The most significant challenges of VPC starts with the length of the project. Being stuck in a state of theoretical functionality and prototypes for as long as it was, opened the whole team up for opportunities of redesign and rework that was rarely based on a need. The project became so built up in our heads and the pressure from the industry was crushing because every day we didn’t release, the expectation that the final product had to be even better increased. When really, the delays were caused by realizing we couldn’t achieve a certain goal that quickly.
Because the project was multiple years, but with the expectation that it was always “launching next quarter”, the project teams morales fluctuated heavily. As a result, team members left, leadership reorganized, people were brought in, etc. Every time this happened, the next person re-sorted the roadmap to more realistically “launch VPC next quarter.” It was difficult to track what services or functionality in what technology generation were going to launch at what date.

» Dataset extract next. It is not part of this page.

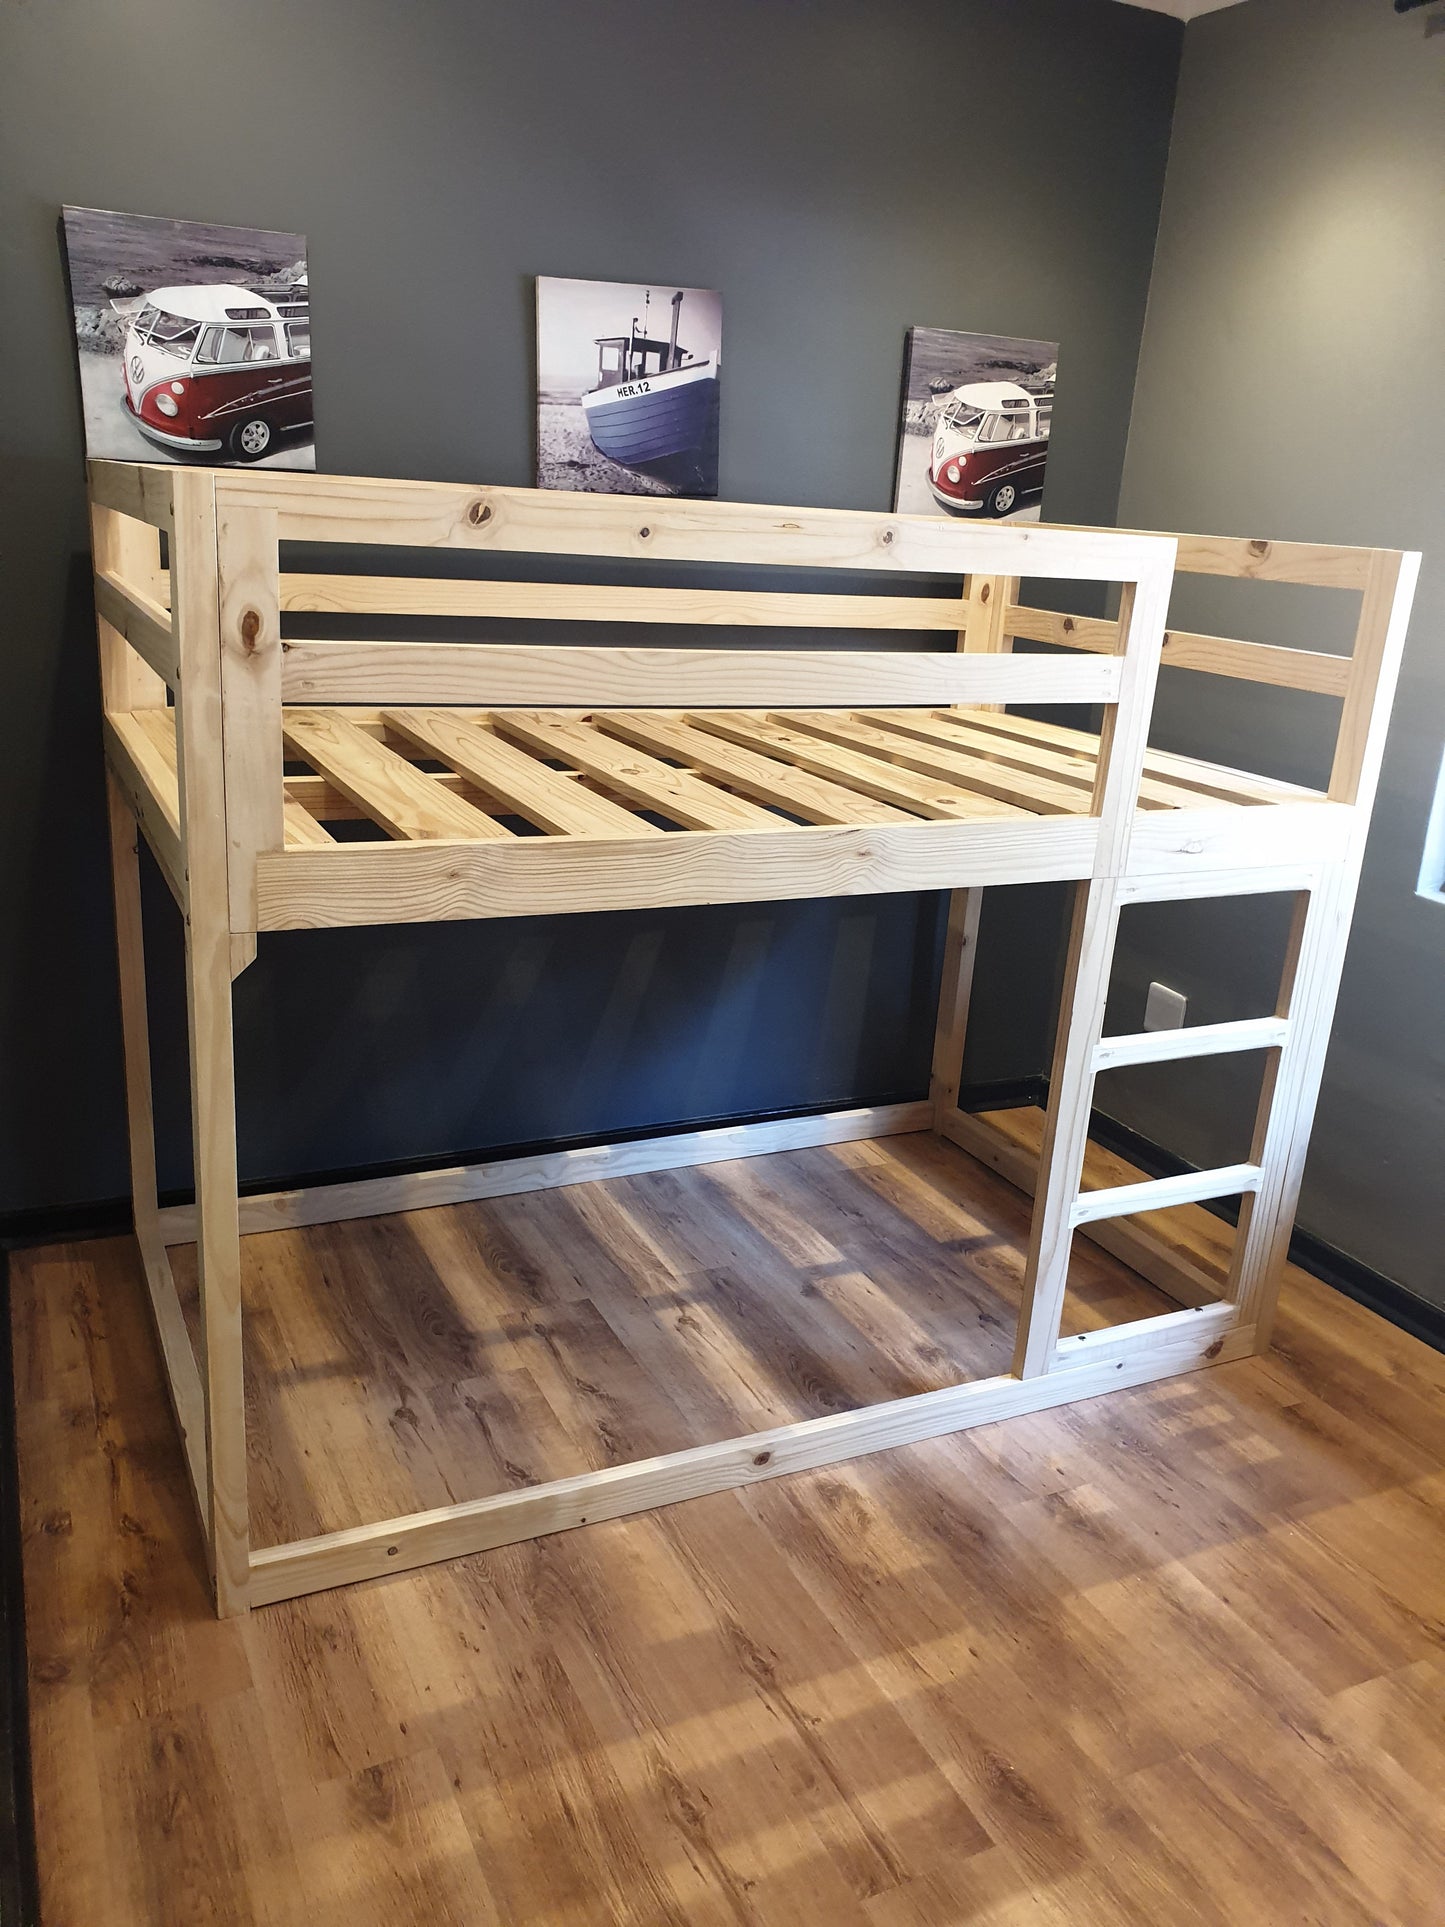 Mickey Bunk Bed - Furniture
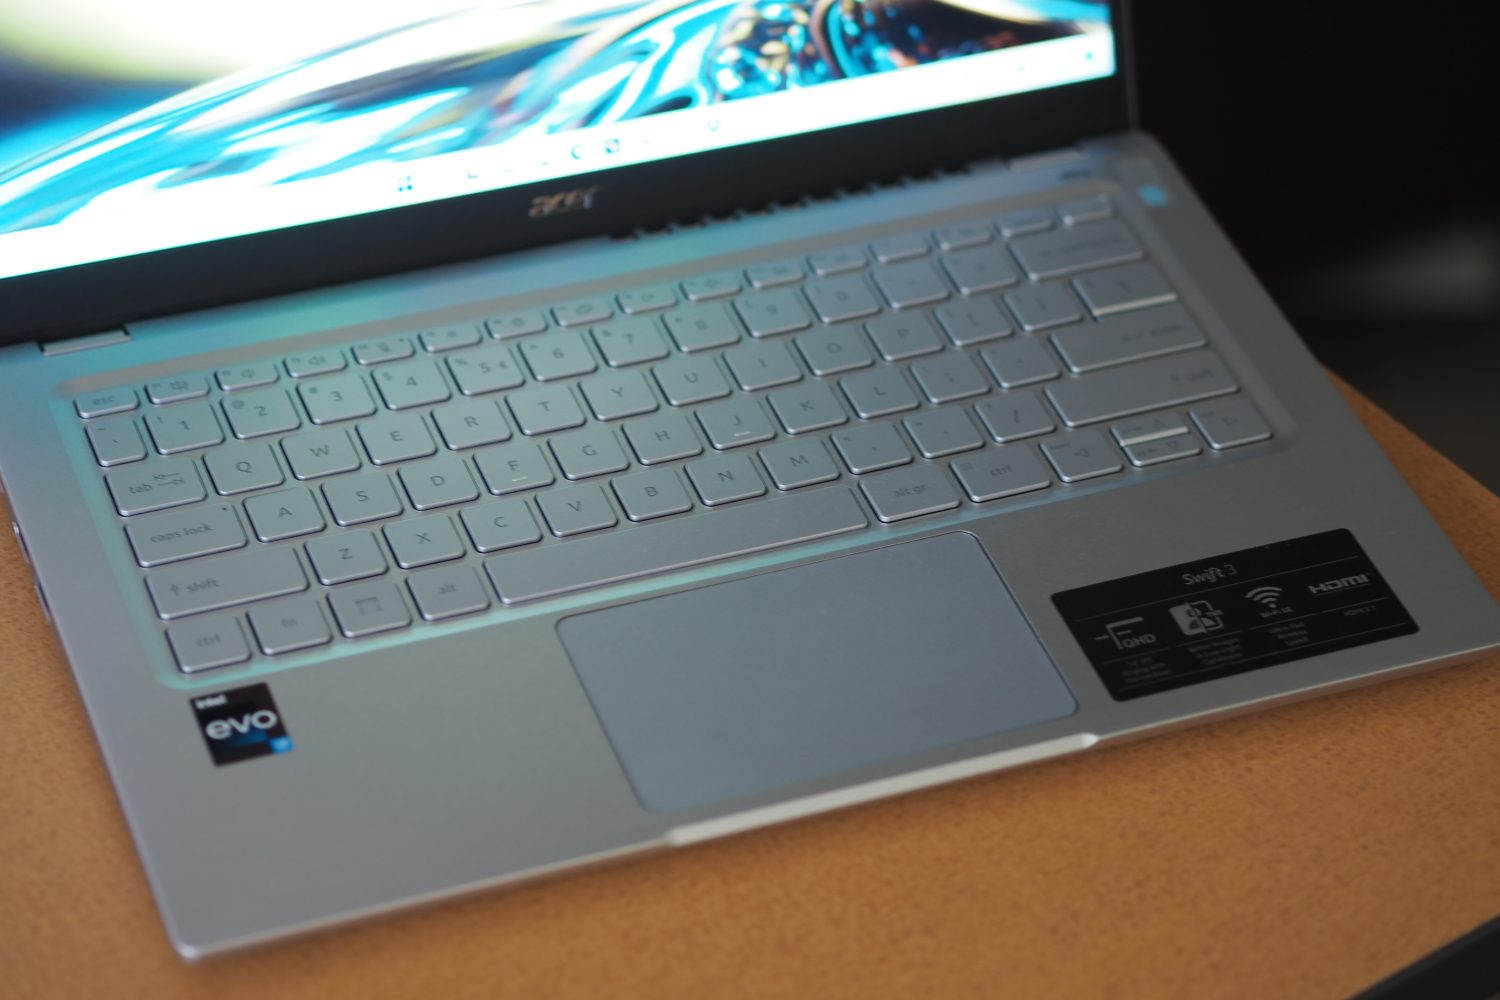 Acer Swift 3 2022 top down view showing keyboard and touchpad.

The last challenge was simply the technology. From previous projects I had experience with many of the concepts presented to me in VPC. However, over the course of the project I was introduced to more complex use cases, tighter integration between services, and understanding how Genesis and Wrigley technologies differed. I was able to tackle this by working frequently with our development teams and reading competitors as well as our documentation on the subjects. I also supplemented this by watching relevant sections of a “AWS Certified Solutions Architect” course.
IBM Cloud Virtual Private Cloud was released in June 2019. It was long awaited by our company and our clients. The team is currently monitoring our NPS scores and feedback and arranging conversations with customers to see where we can continue improving.